** Available records follows **

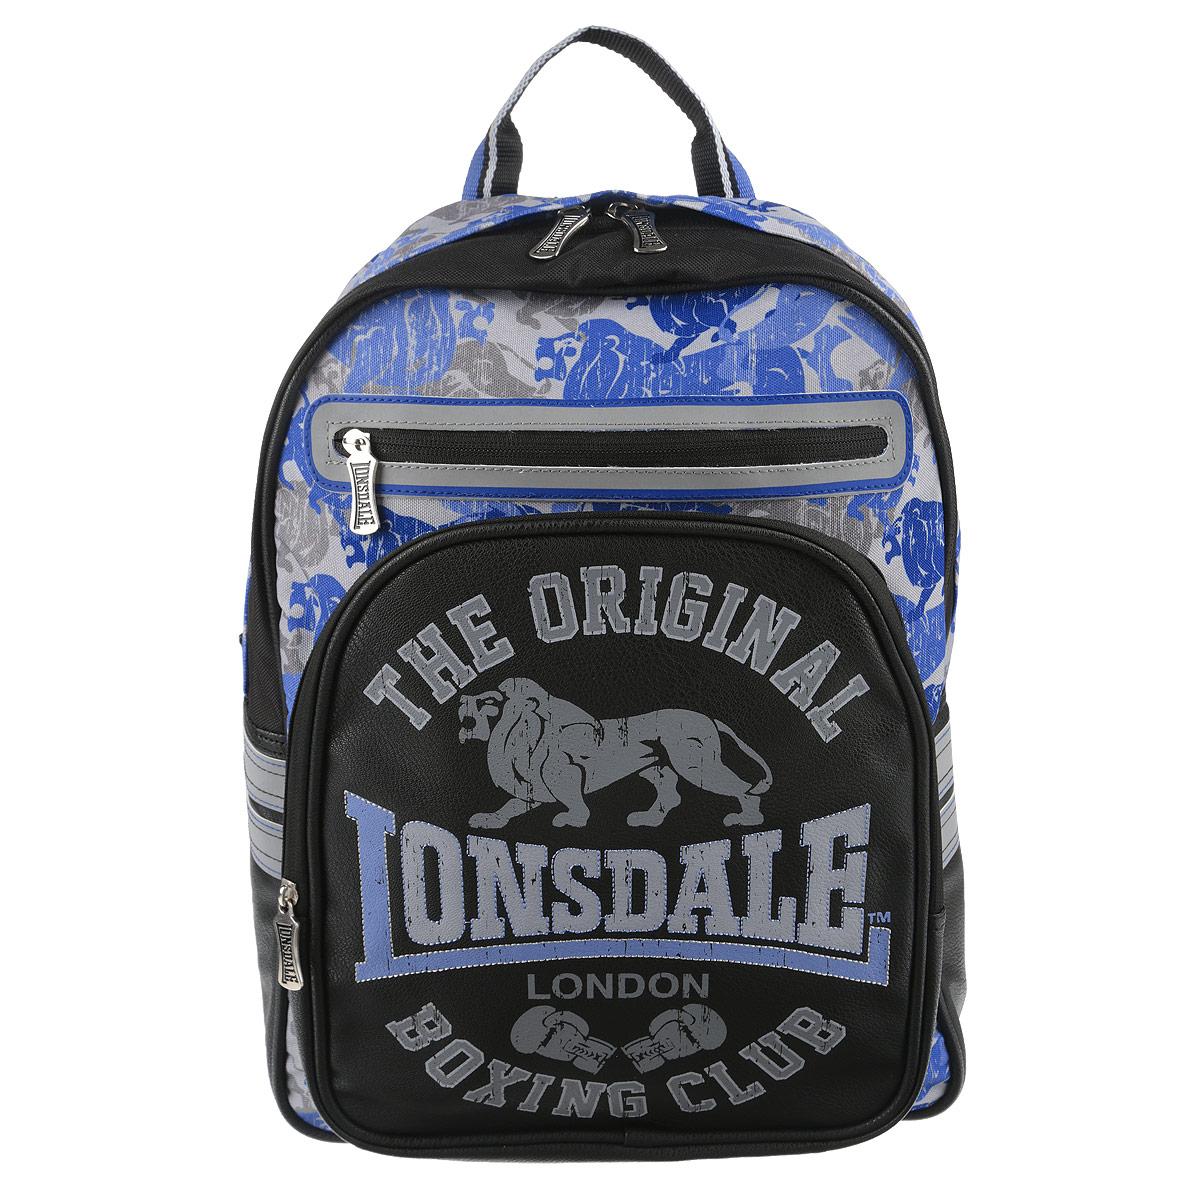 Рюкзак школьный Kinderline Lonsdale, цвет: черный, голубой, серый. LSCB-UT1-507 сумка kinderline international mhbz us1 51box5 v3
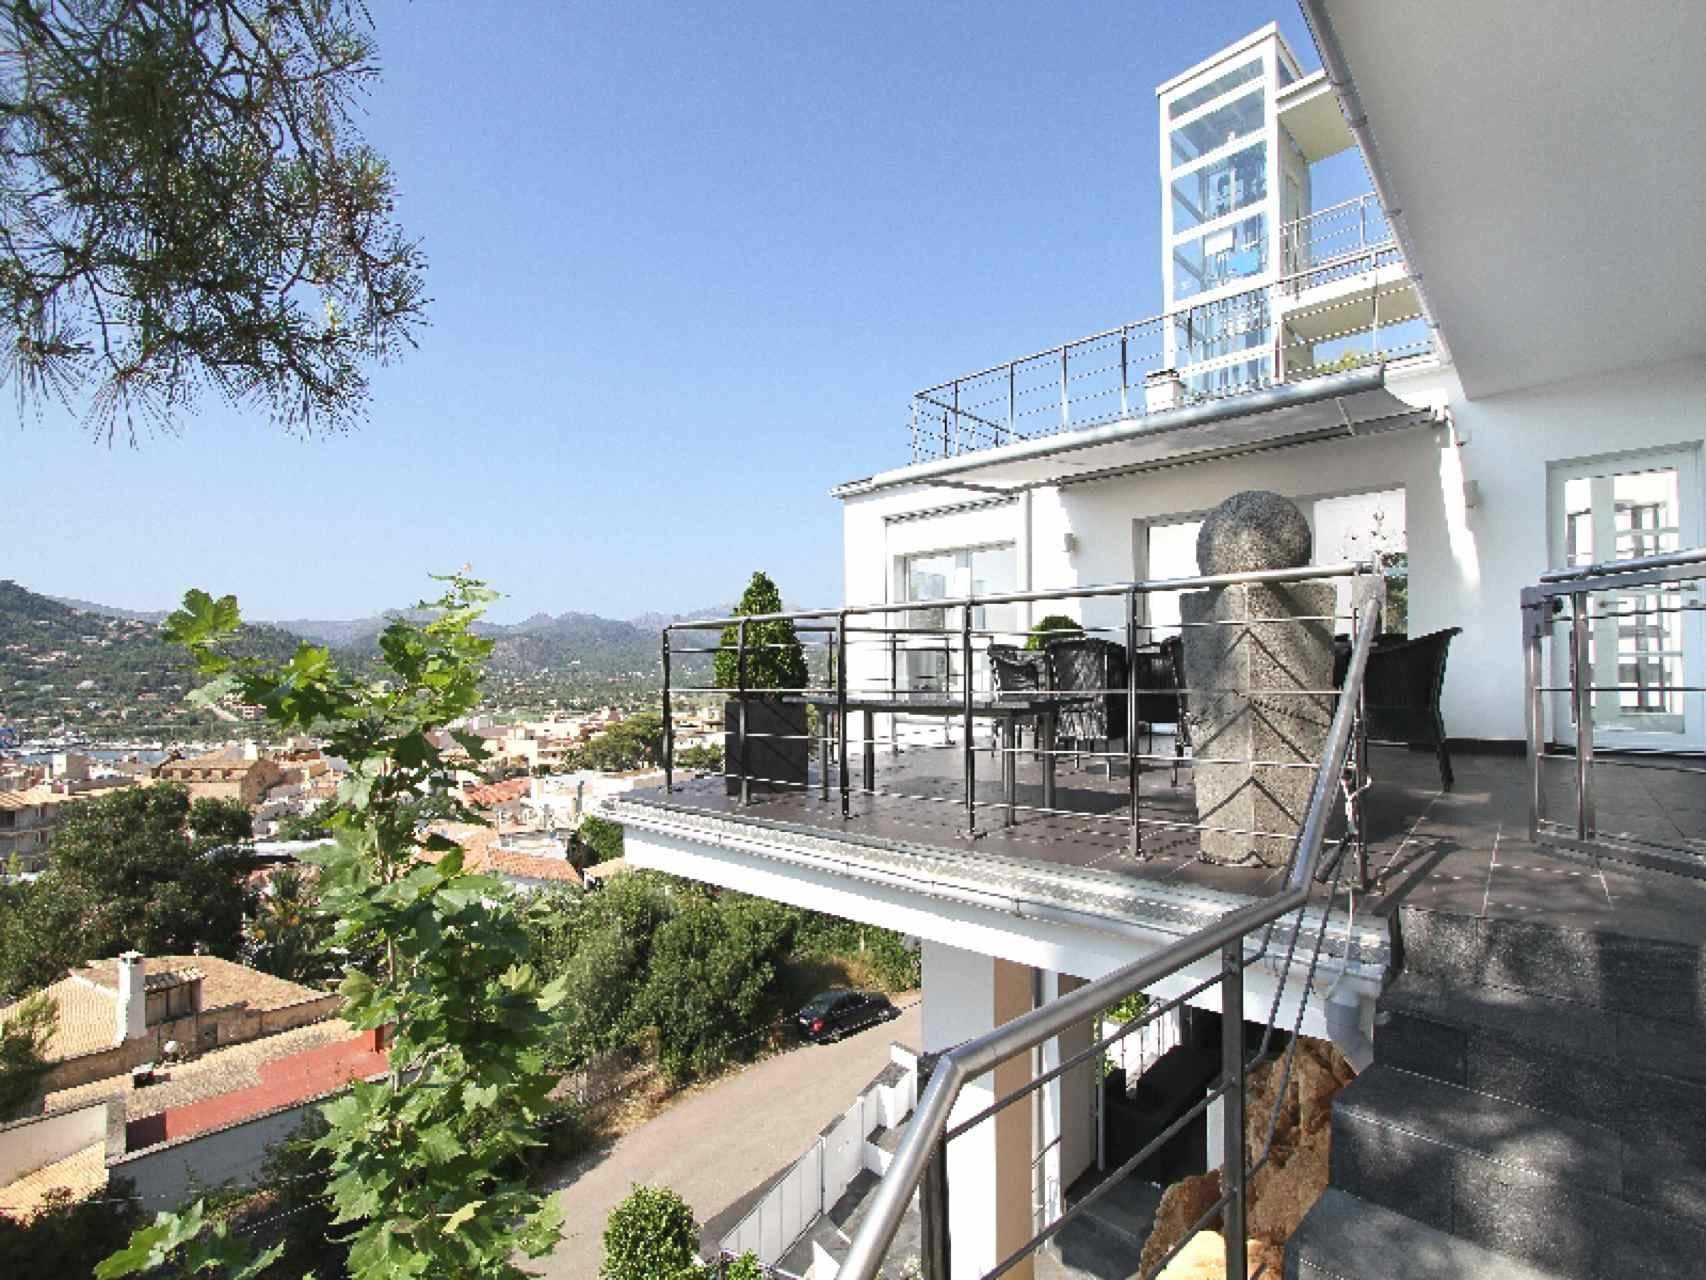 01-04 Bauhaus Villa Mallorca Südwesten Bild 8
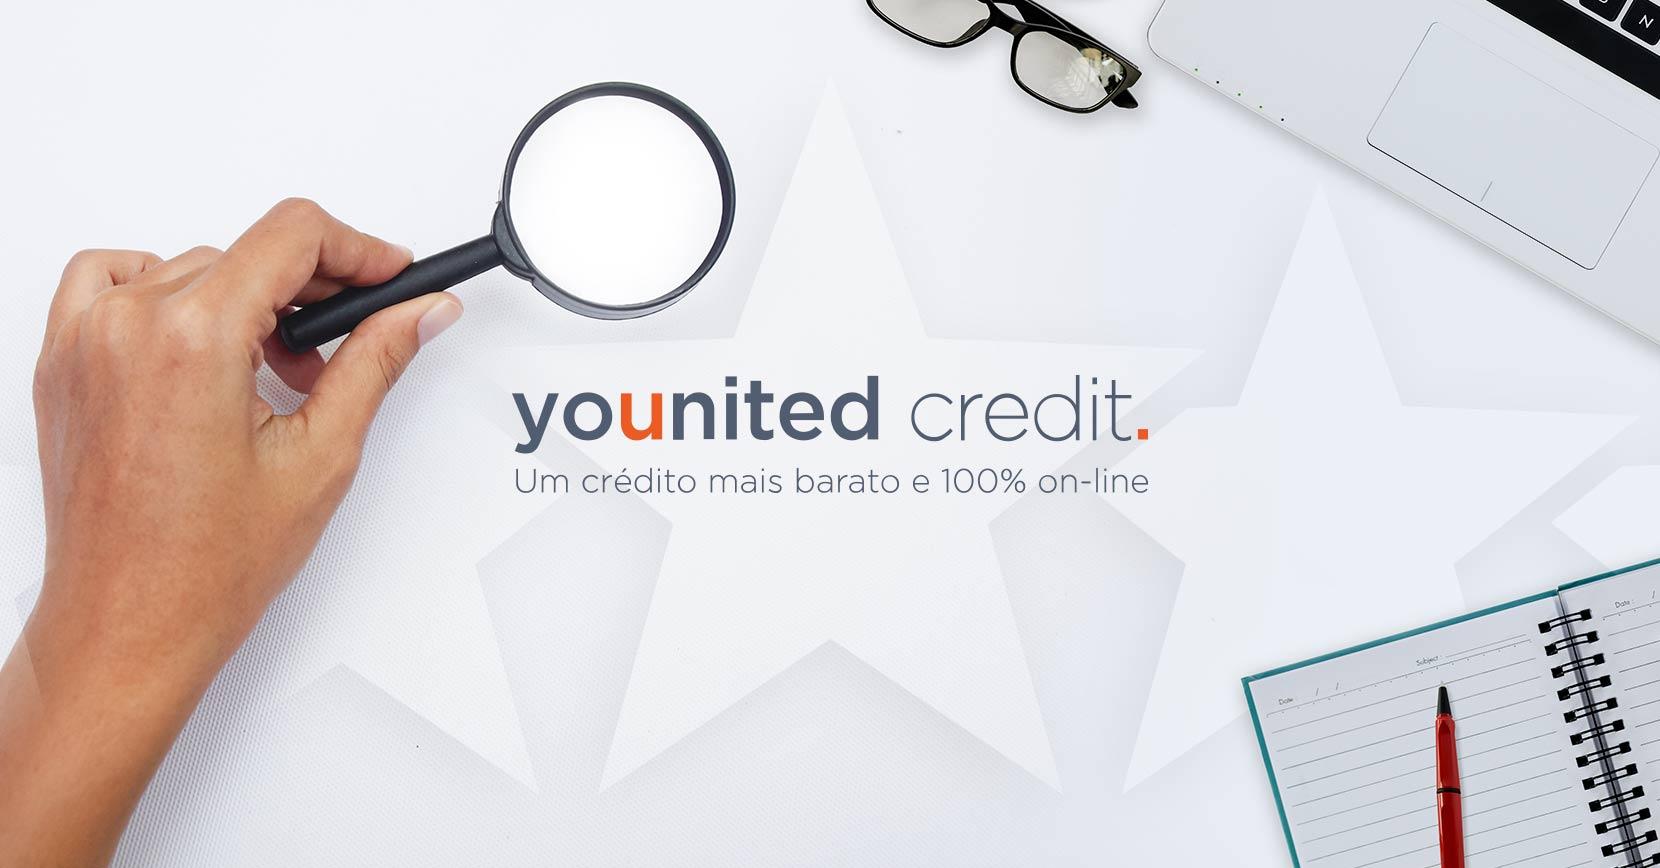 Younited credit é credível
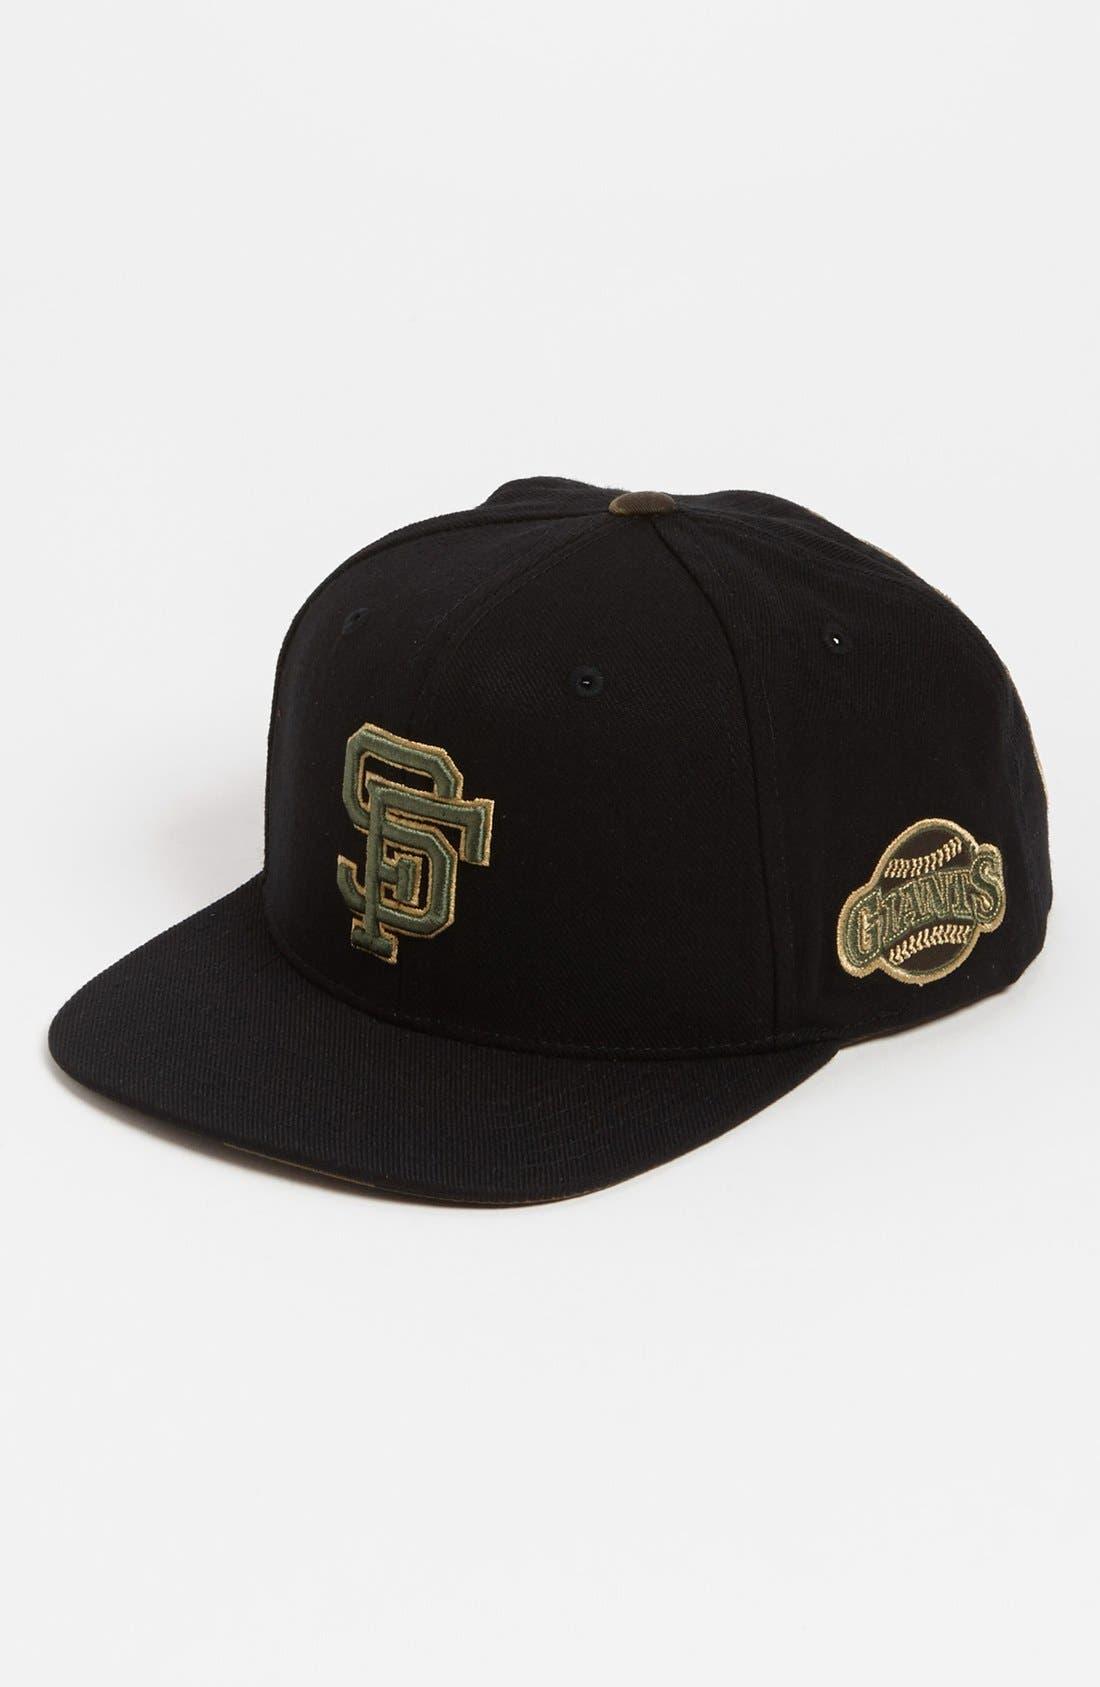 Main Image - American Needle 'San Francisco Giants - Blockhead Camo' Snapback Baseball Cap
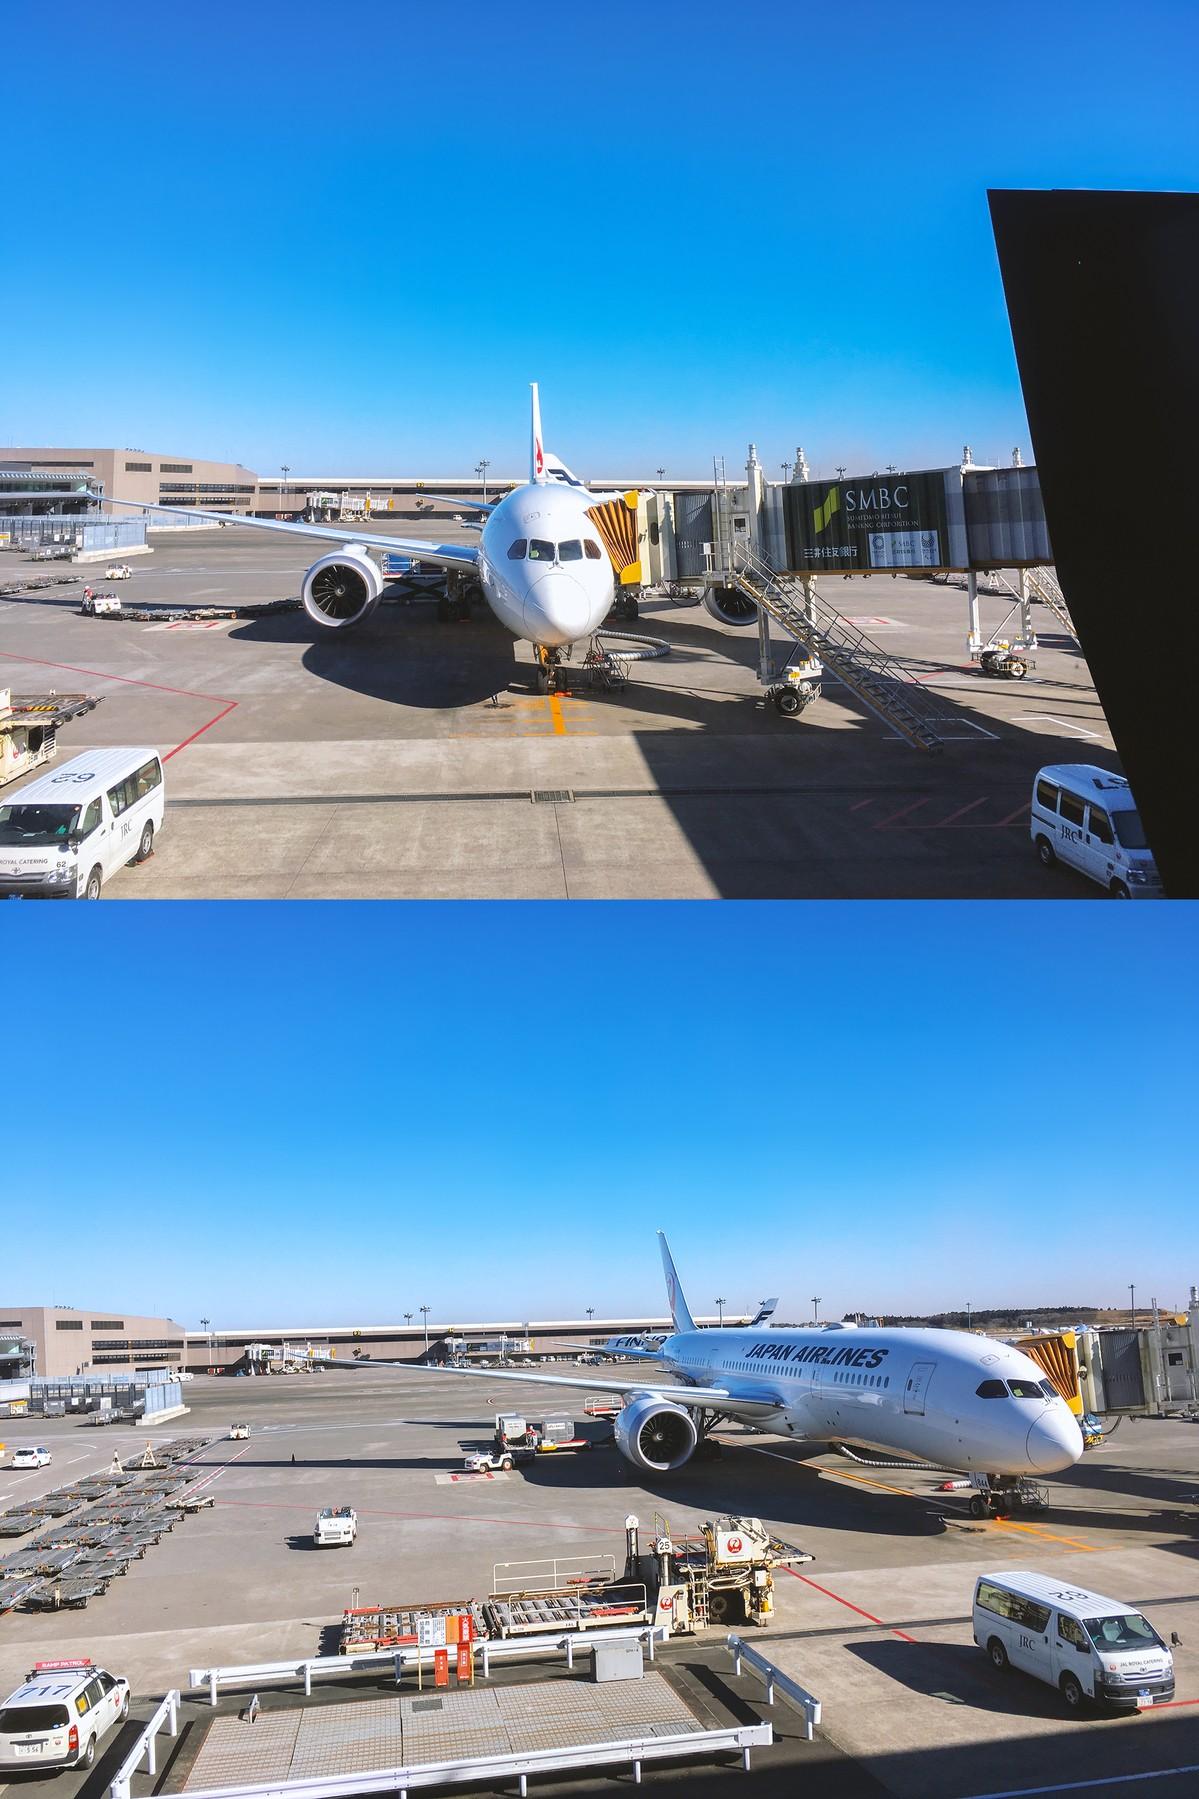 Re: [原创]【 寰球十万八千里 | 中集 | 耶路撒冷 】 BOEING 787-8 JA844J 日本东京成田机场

** End of Available records **

Problem →
Nothing but the lines from the one with "01-04 Bauhaus Villa" through the last line of the records should appear in your answer, each exactly as written and without pictures.

Answer to the exercise →
 01-04 Bauhaus Villa Mallorca Südwesten Bild 8
 Younited credit é credível
 Main Image - American Needle 'San Francisco Giants - Blockhead Camo' Snapback Baseball Cap
 Re: [原创]【 寰球十万八千里 | 中集 | 耶路撒冷 】 BOEING 787-8 JA844J 日本东京成田机场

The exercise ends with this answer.